Book Acquisitions for Friday, September 18, 2009

From the Barnes and Noble in Union Sq:

  1. Kobo Abe – The Woman in the Dunes
  2. J.G. Ballard – Cocaine Nights (I can’t find High-Rise in any bookstore in NYC, I don’t know why)
  3. J.G. Ballard – Running Wild
  4. Shirley Jackson – We Have Always Lived in the Castle (I’m halfway through it after my 1.5-hour rush hour trip back home on the bus).

Art-related expenditures:

One (1) : 10x10x2″ canvas
Two (2) : Tubes of oil paint. Cadmium Red Hue, Cadmium Orange

Tonight I shall go to Bootie and to Mondo.

This afternoon, I went with Jonathan and a few of his friends to lunch at L’Ecole, the restaurant of the French Culinary Institute in NYC. Our three-course lunch ended up being two hours of fantastic food and awesome company.

I have a thousand things to do this weekend. Must study hard for my massive Spanish test Monday. Must do a bunch of stuff for the magazine to make actual money. That’s what I’ll be doing Saturday and Sunday.

I want to finish some paintings so I can take them to my dorm room. The place is like a tomb with nothing on the walls.

I’m thinking that this collection of Haydn’s symphonies will inspire me to do actual work, but that’s probably not going to happen. I take the bus in two hours, which isn’t enough to get anything real done, although it’s totally enough time to finish We Have Always Lived in the Castle.
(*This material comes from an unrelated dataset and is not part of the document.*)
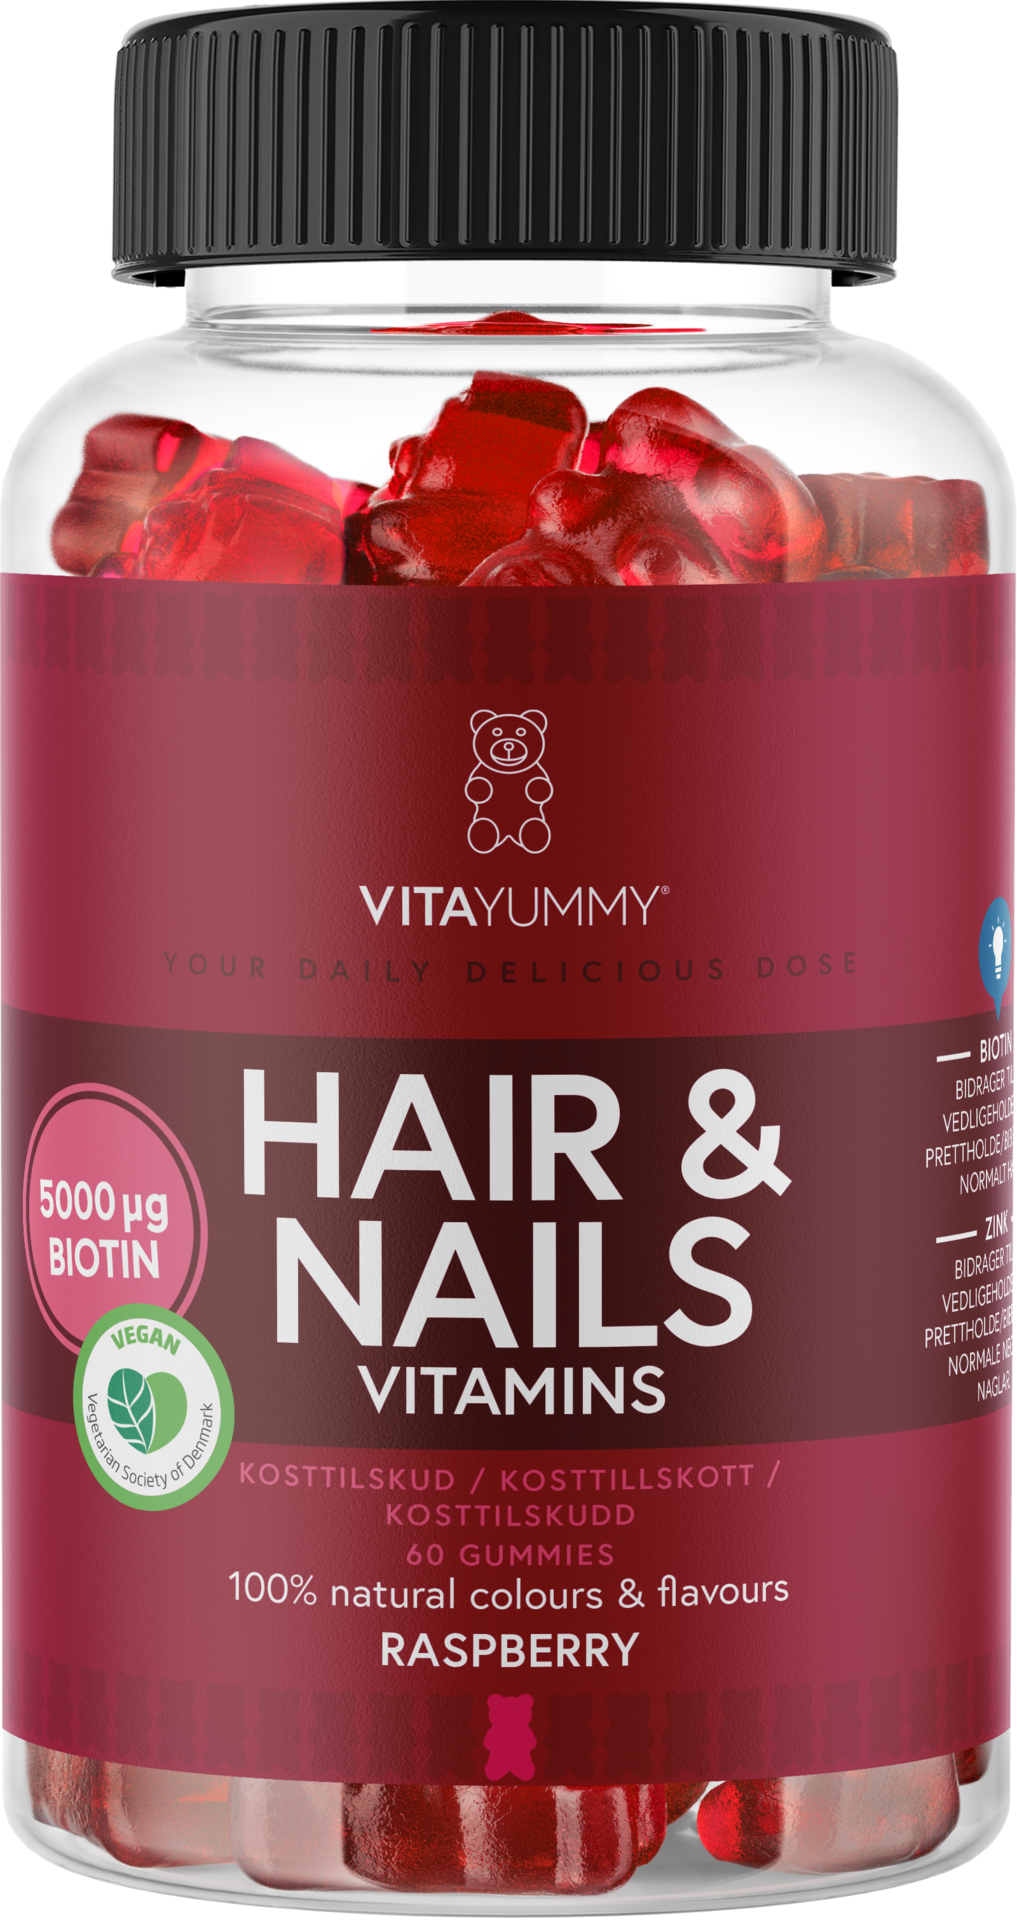 VitaYummy Hair & Nails Vitamins Raspberry 60 tuggtabletter

PS: I decided last night that for my short story I’m going to write about the day we took my grandma to the home.

PPS: I adored this passage from We Have Always Lived in the Castle:

When Jim Donell thought of something to say he said it as often and in as many ways as possible, perhaps because he had very few ideas and had to wring each one dry.

This passage reminded me of Crescent City:

All of the village was of a piece, a time, and a style; it was as though the people needed the ugliness of the village, and fed on it. The houses and the stores seemed to have been set up in contenptuous haste to provide shelter for the drab and the unpleasant.